I know there are already hundreds of Python Unicode questions on Stack Overflow. I've read lots of them, but I can't find an answer to mine...
I'm trying to read a latin-1 CSV file. It includes a UK pound sign (character \xa3 in latin-1), so I set encoding="latin-1"
-- but Python appears to ignore the encoding. This:
with open(filename, newline='', encoding="latin-1") as csvfile:
data = csv.reader(csvfile, delimiter=',', quotechar='\"')
for row in data:
print(row)
Produces:
UnicodeEncodeError: 'ascii' codec can't encode character '\xa3' in position 202: ordinal not in range(128)
I've cut down the original CSV file to a single line that triggers the problem. It's the £ sign that causes it.
The only solutions I've found are to use errors="ignore"
-- which is just hiding the problem, or errors="surrogateescape"
-- which is just creating a problem with escaped characters further down the line.
I know that the file encoding is latin-1, although I have also tried utf-8 and iso-8859-1.

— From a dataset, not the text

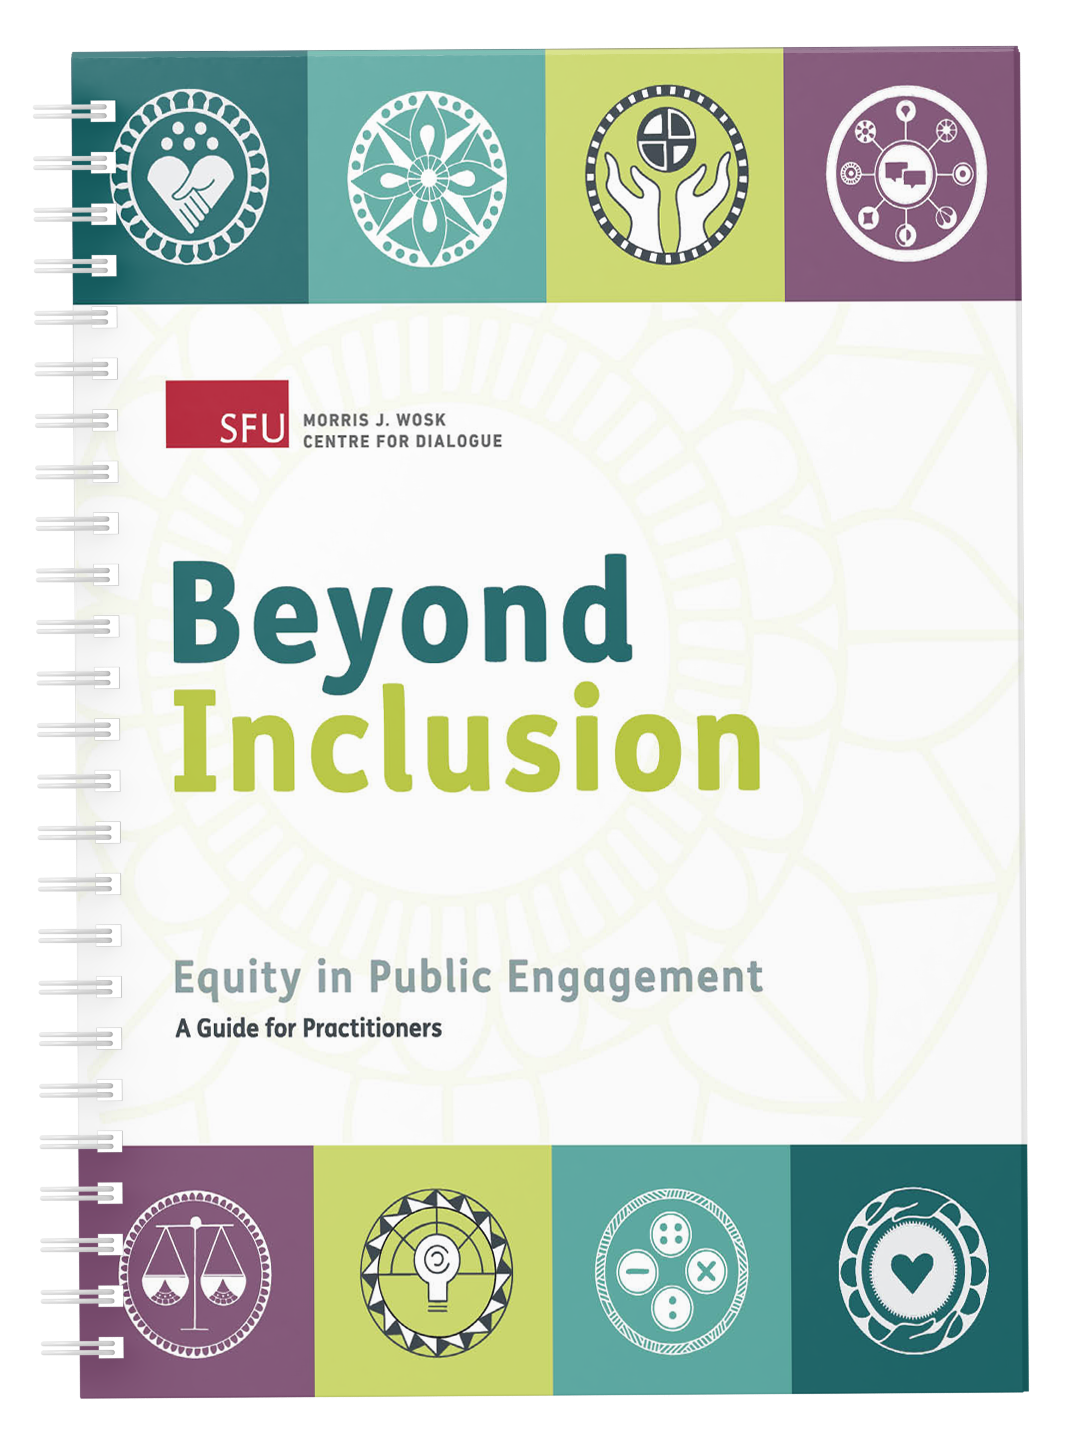 Cover of Beyond Inclusion guide

Python can happily print a £ sign:
>>> print('£')
> £
>>> print(u'\xa3')
£
Any answers/advice/suggestions would be welcome. Thanks in advance.
=== UPDATE ===
This doesn't produce the error:
with open(file, newline='', encoding="latin-1") as csvfile:
data = csv.reader(csvfile, delimiter=',', quotechar='\"')
for row in data:
print("do nothing with the data")